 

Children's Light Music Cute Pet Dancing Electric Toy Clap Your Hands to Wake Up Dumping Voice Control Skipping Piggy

* * *

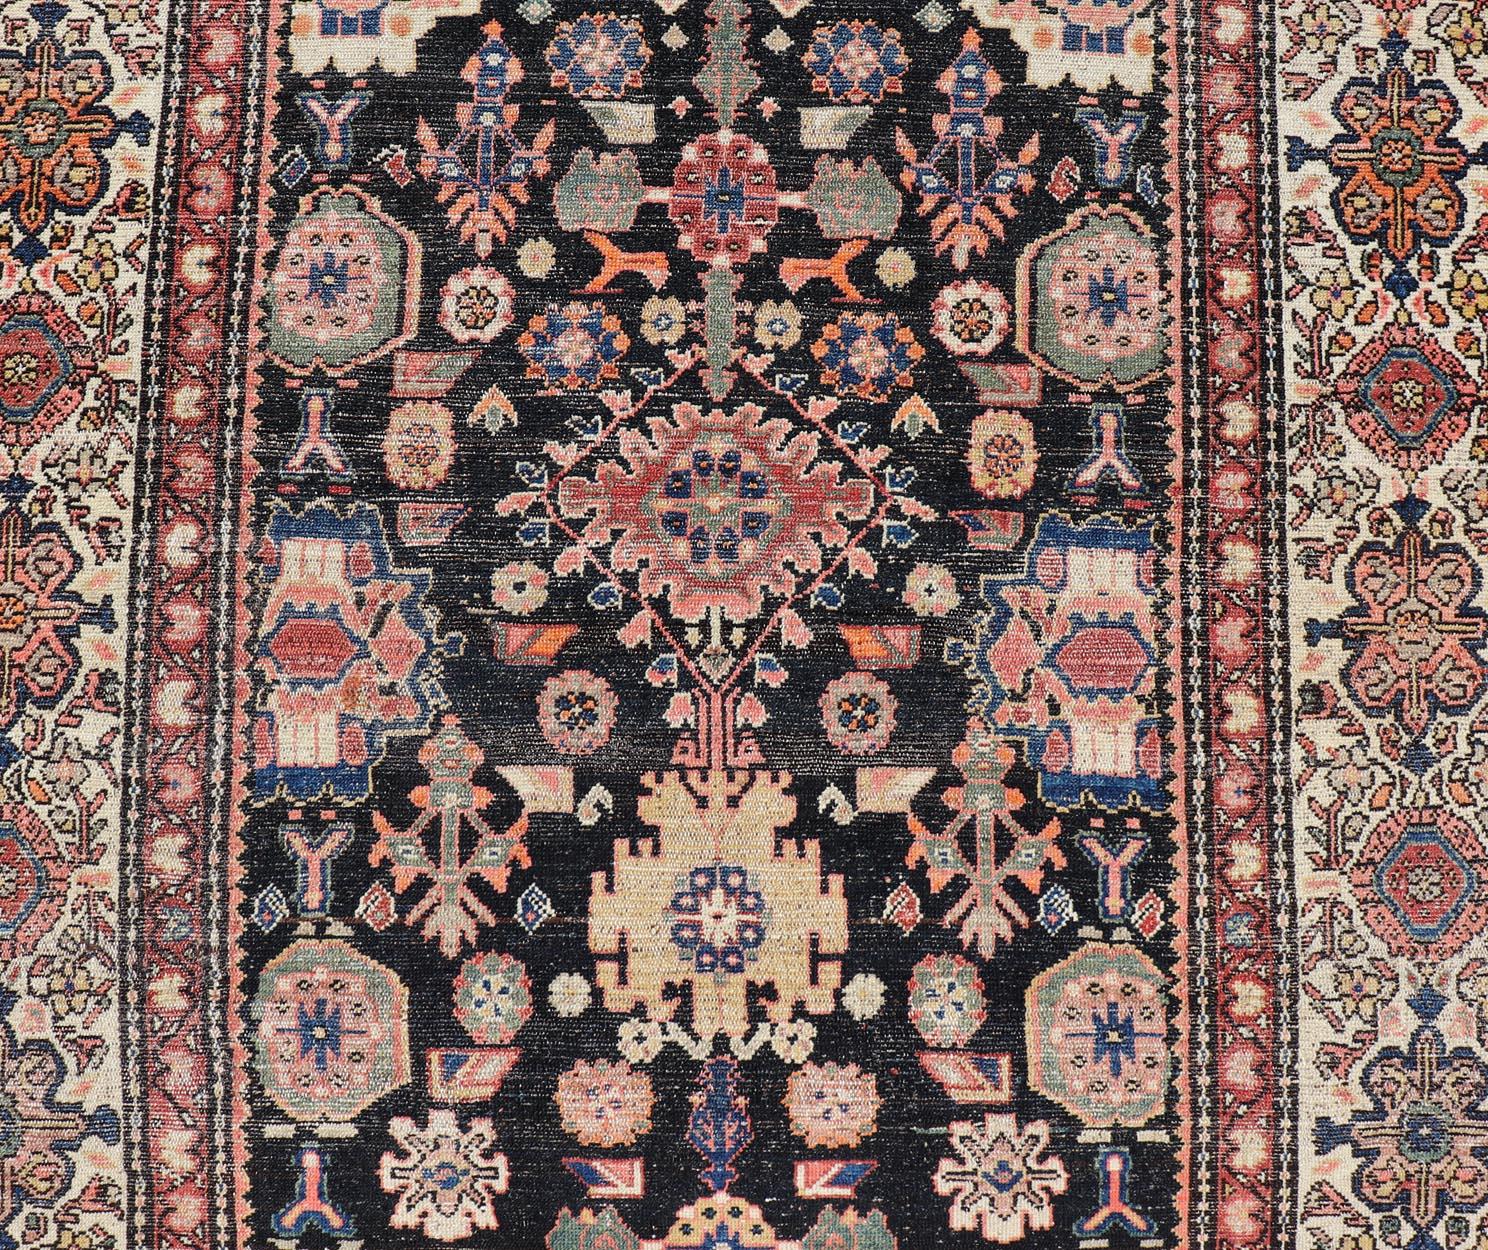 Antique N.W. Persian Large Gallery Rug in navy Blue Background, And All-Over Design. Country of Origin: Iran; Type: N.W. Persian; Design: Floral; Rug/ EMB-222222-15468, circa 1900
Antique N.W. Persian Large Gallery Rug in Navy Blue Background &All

...

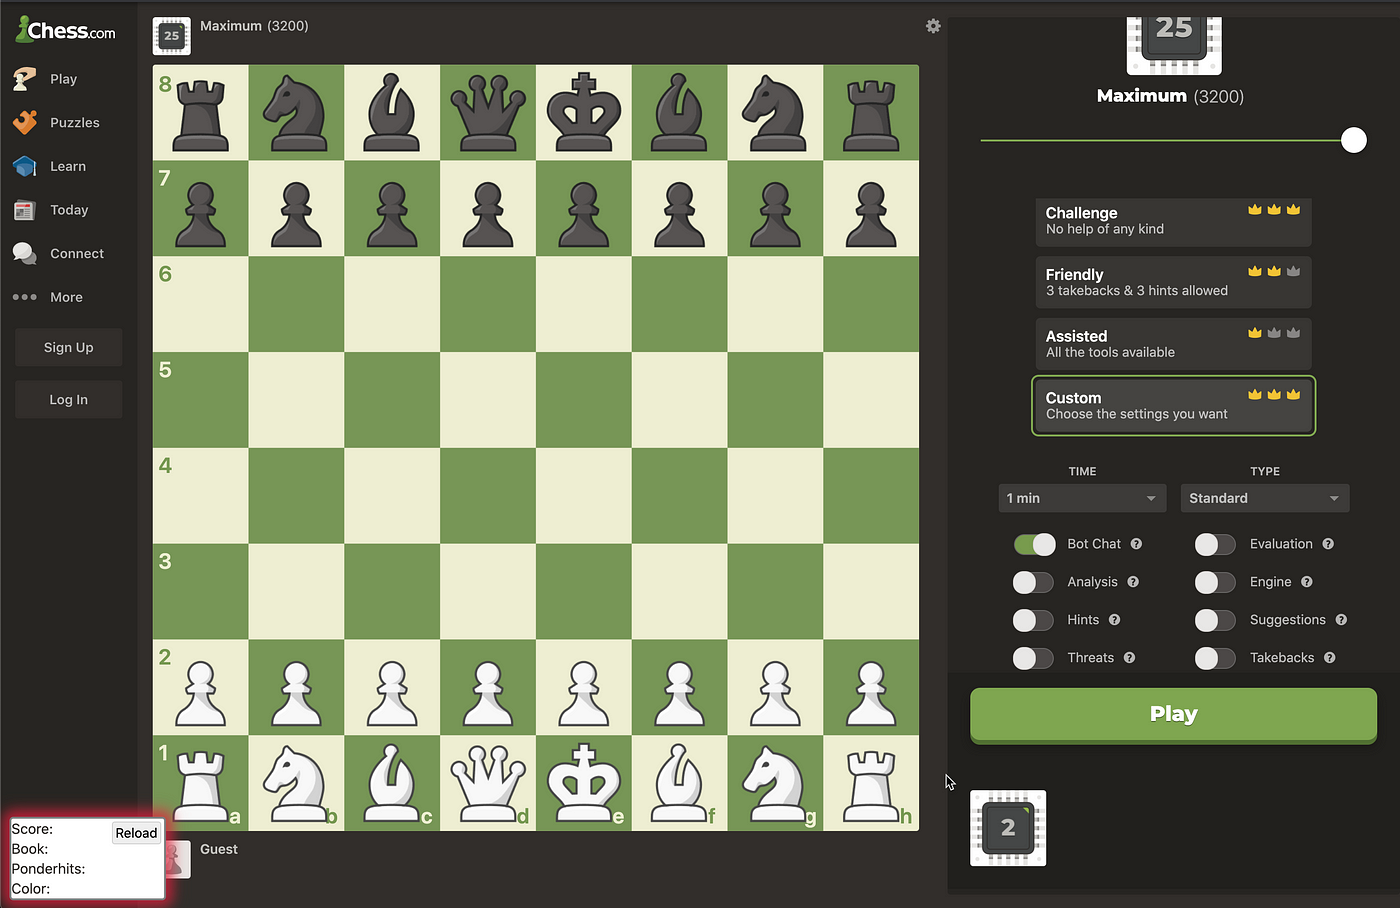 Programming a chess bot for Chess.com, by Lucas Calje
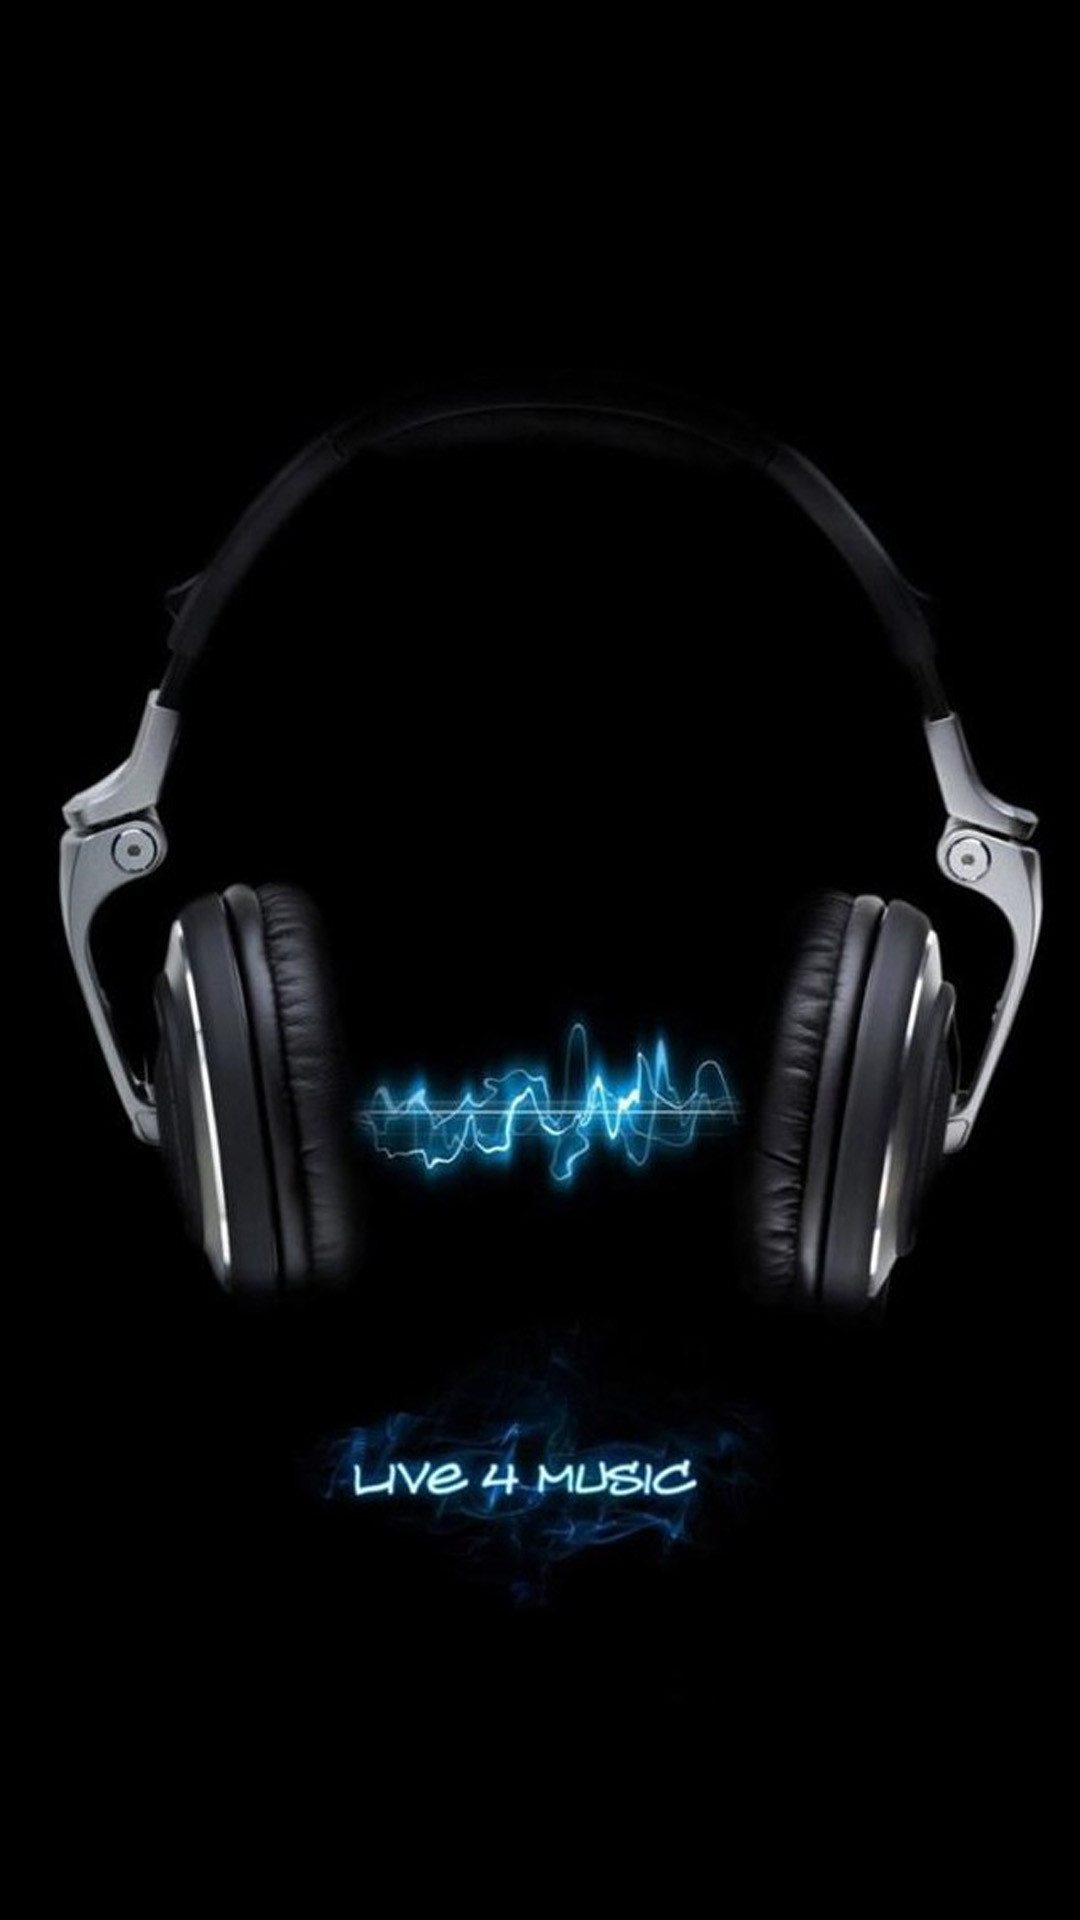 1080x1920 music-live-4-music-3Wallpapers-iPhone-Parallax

**Task to carry out**
Your reply is to be an exact repeat of the listing above from the line holding "EMB-222222-15468, circa 1900" down to the line holding "Blue Background &All", ends included, pictures excluded.

**Solution**
 Antique N.W. Persian Large Gallery Rug in navy Blue Background, And All-Over Design. Country of Origin: Iran; Type: N.W. Persian; Design: Floral; Rug/ EMB-222222-15468, circa 1900
Antique N.W. Persian Large Gallery Rug in Navy Blue Background &All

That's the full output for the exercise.